Re: Motel 77: Cris & Sam
Cris hadn't given up. He didn't do giving up. He didn't need vibrant or okay, and he definitely wasn't tired. She called it clarity from the drugs, but it was like she was seeing whatever she thought projected out onto him, like the woman with the mouth, and no matter what he did or said, it was wrong. Sam was lying there, eyes squeezed shut, talking like fate, and he was just looking at her, trying to figure out what he was supposed to do here—because no matter what he did, it'd be confirmation of her insecurities. When blue opened milky, tears, he frowned. He tried so hard to be reassuring. He tried and tried, and he'd done good, he thought, 'til now, and he didn't know what he'd done to turn the tide, but clearly it was something. She was drowning herself and telling him it was him.
"Stop. Just stop it." He got up. He got the bag. He pulled out the sacka medication, and he dumped it on the bland comforter. Little orange bottles rolled loud beneath Spanish on TV, and he picked through them. He didn't know which one she needed, so he kinda moved them around. "Which ones are you s'posed to take?"

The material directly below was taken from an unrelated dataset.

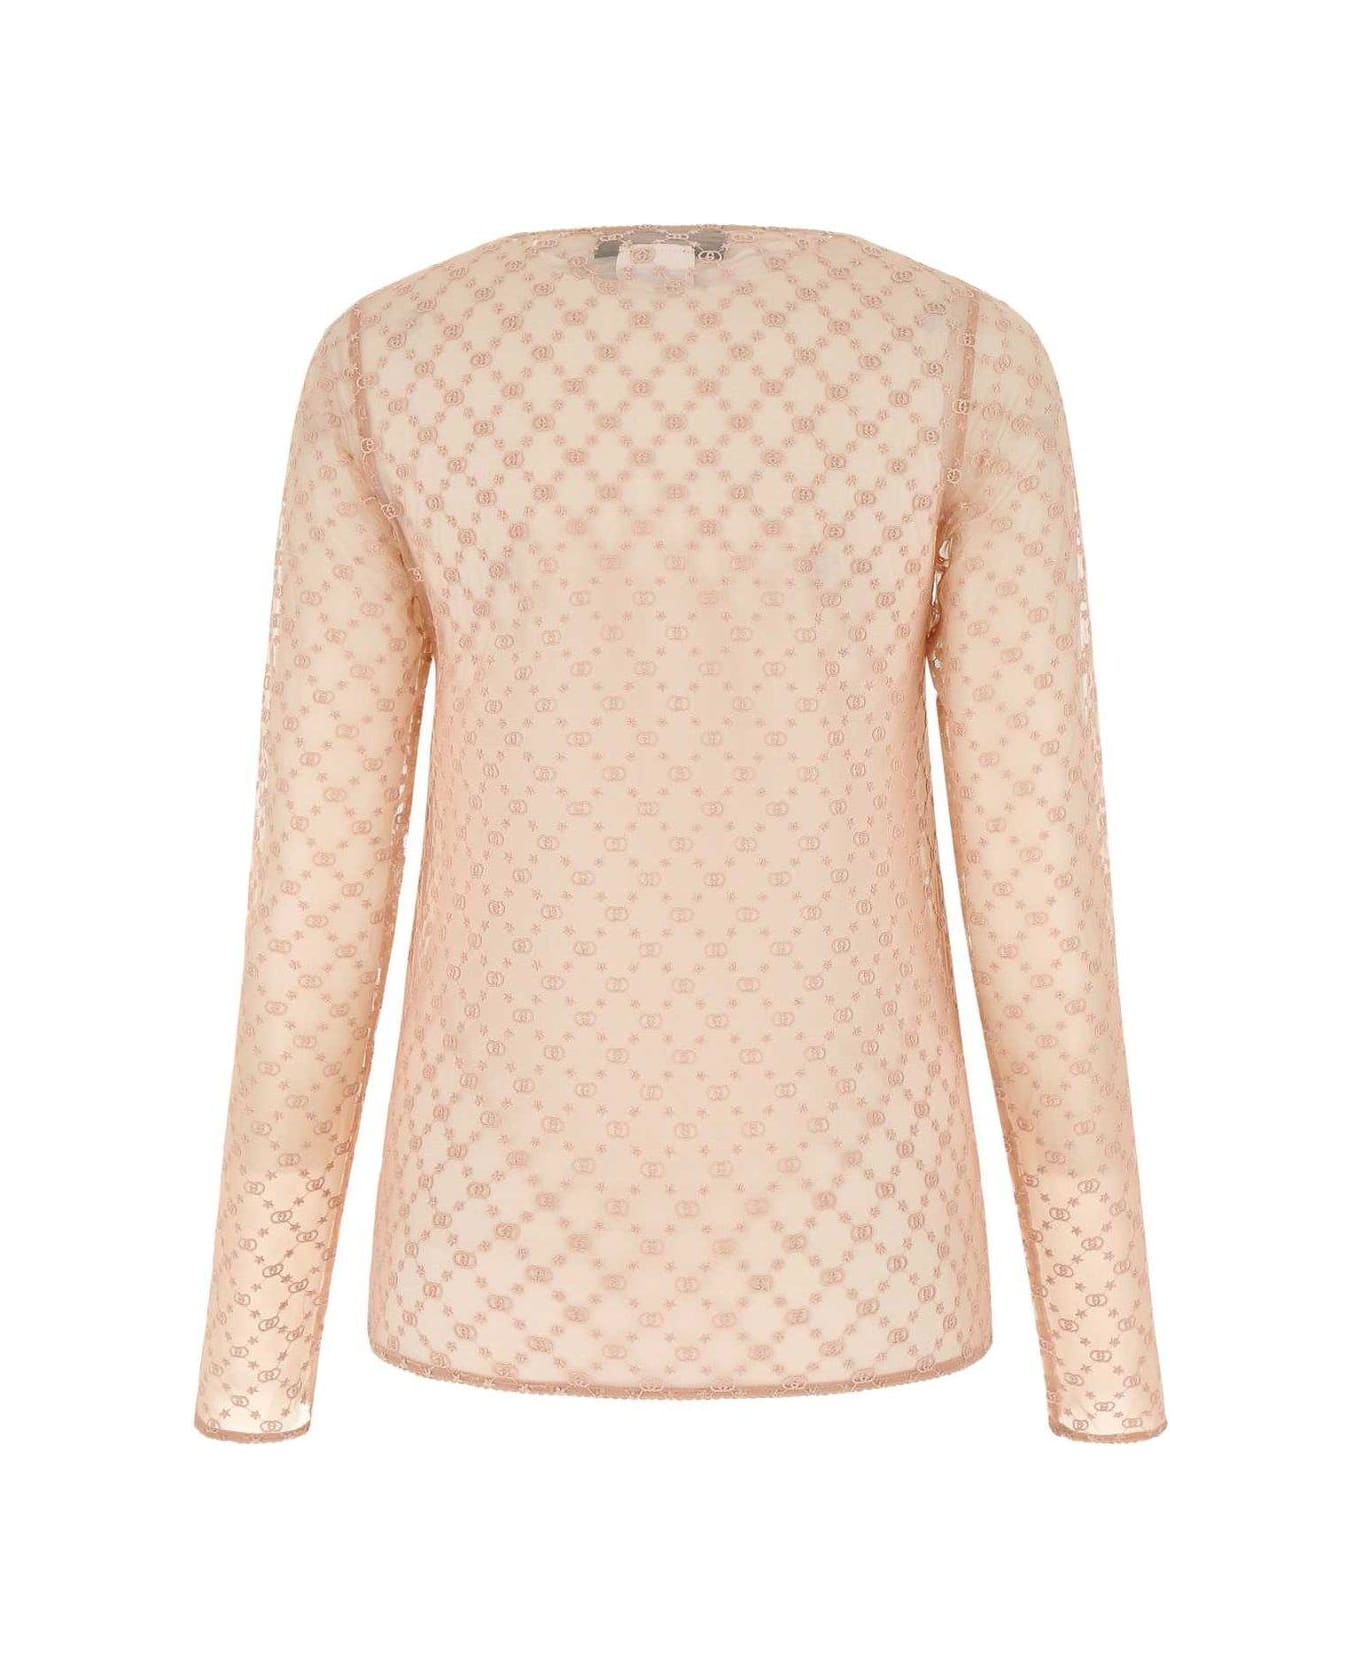 Gucci Embroidered Mesh Top - Rosa

Cris shook his head, like he wasn't waiting for an answer. Because he wasn't fucking tired. Because he didn't need fucking vibrant. Because he was sick of her trying to save him from herself, like she was some plague, made human in black form, eyes worm-eaten, with tears running down ebony cheeks, and he was supposed to thank her? Fuck that. Fuck her for trying. He loved her and he wasn't drowning. He had a lotta shit going on and it was taking its toll, sure, but he wasn't drowning. It was like Penny sitting there on the phone, telling him everything was shit, when it wasn't, telling him she knew what it was like, when they weren't even talking about the same thing, when she was imagining some horror diorama and putting some figurinea him in it and saying, ah, yes, this is how it is. And it wasn't.
Because it would be way fucking worse if Sam went and left. He tried, tried, tried.